= Beginning of Section =

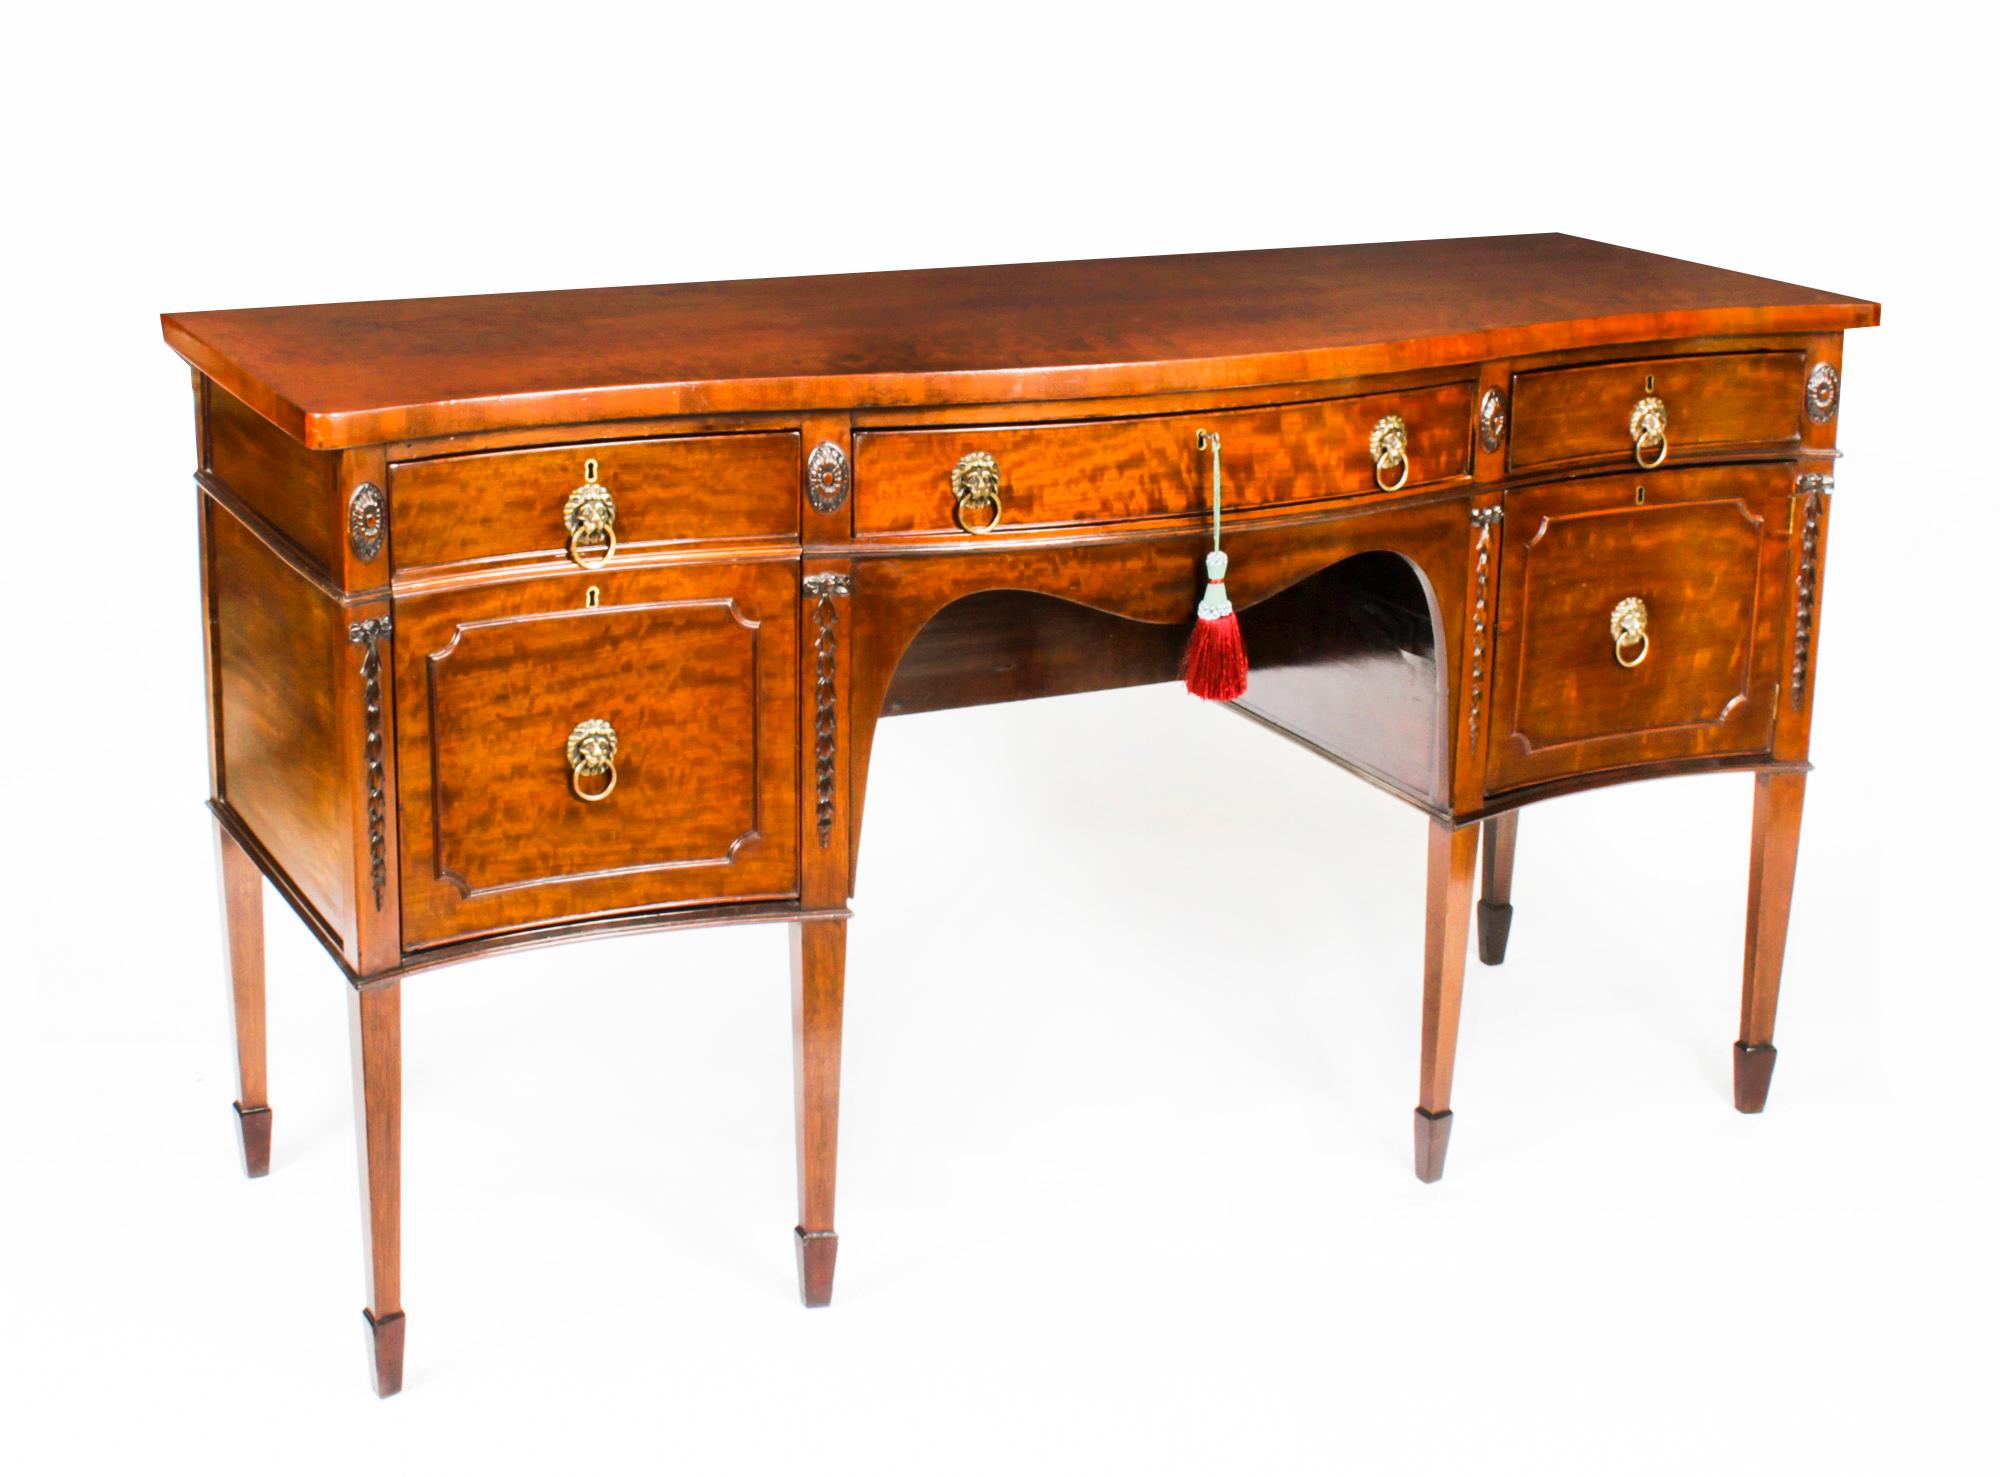 Antique George III Flame Mahogany Serpentine Sideboard, 19th Century For Sale 14
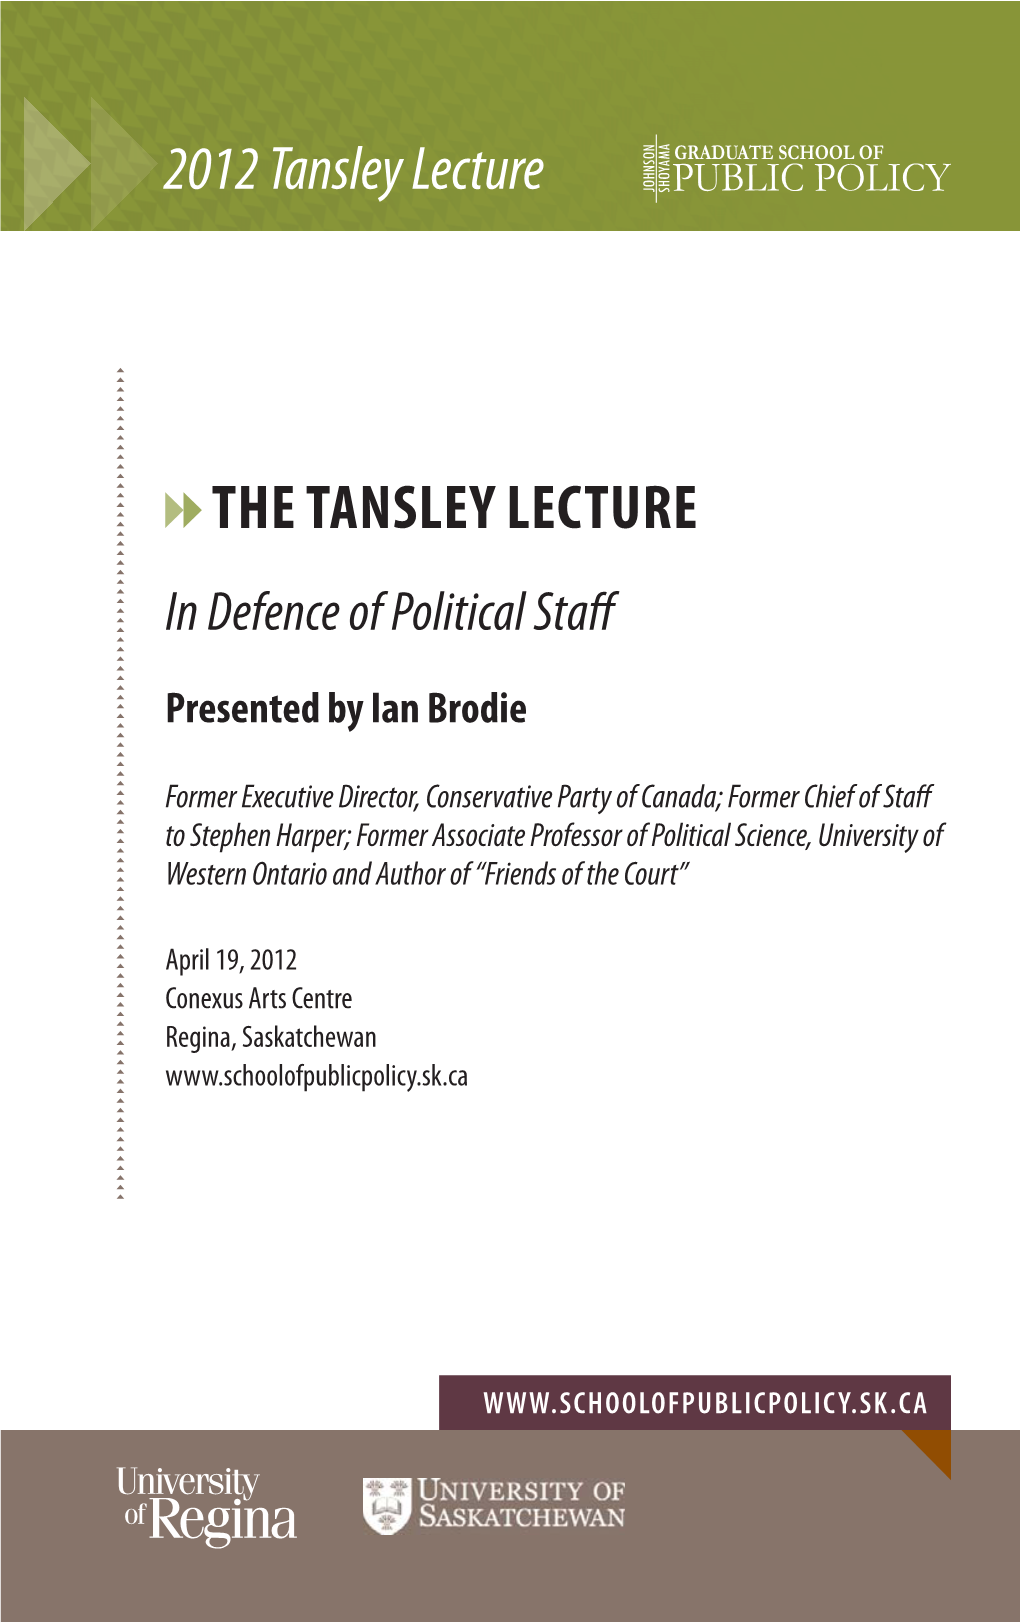 THE TANSLEY LECTURE in Defence of Political Staff
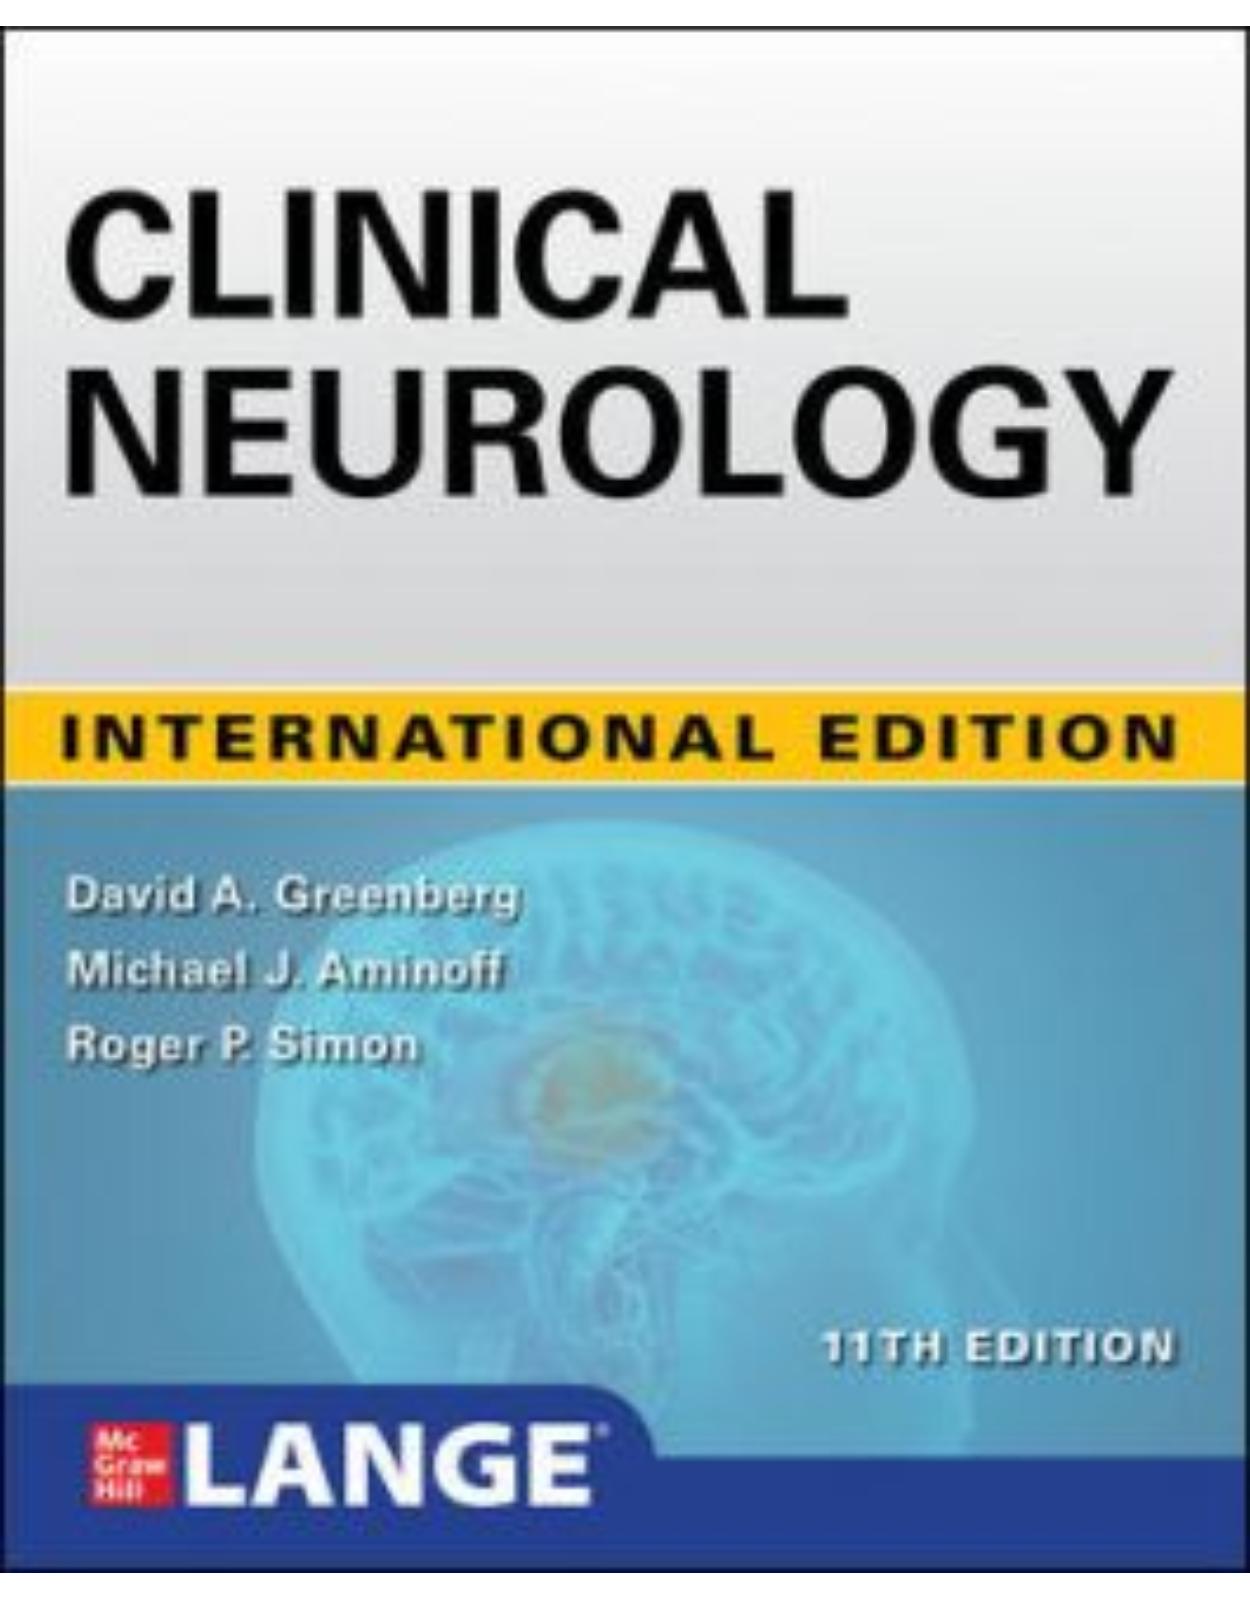 Ie Lange Clinical Neurology, 11th Edition

= End of Section =

◆ **Required work**
Ignoring the pictures, write out word for word only the lines from the one containing "THE TANSLEY LECTURE" through the last line of the data, both ends included.

◆ **Task response**
 THE TANSLEY LECTURE in Defence of Political Staff
 Ie Lange Clinical Neurology, 11th Edition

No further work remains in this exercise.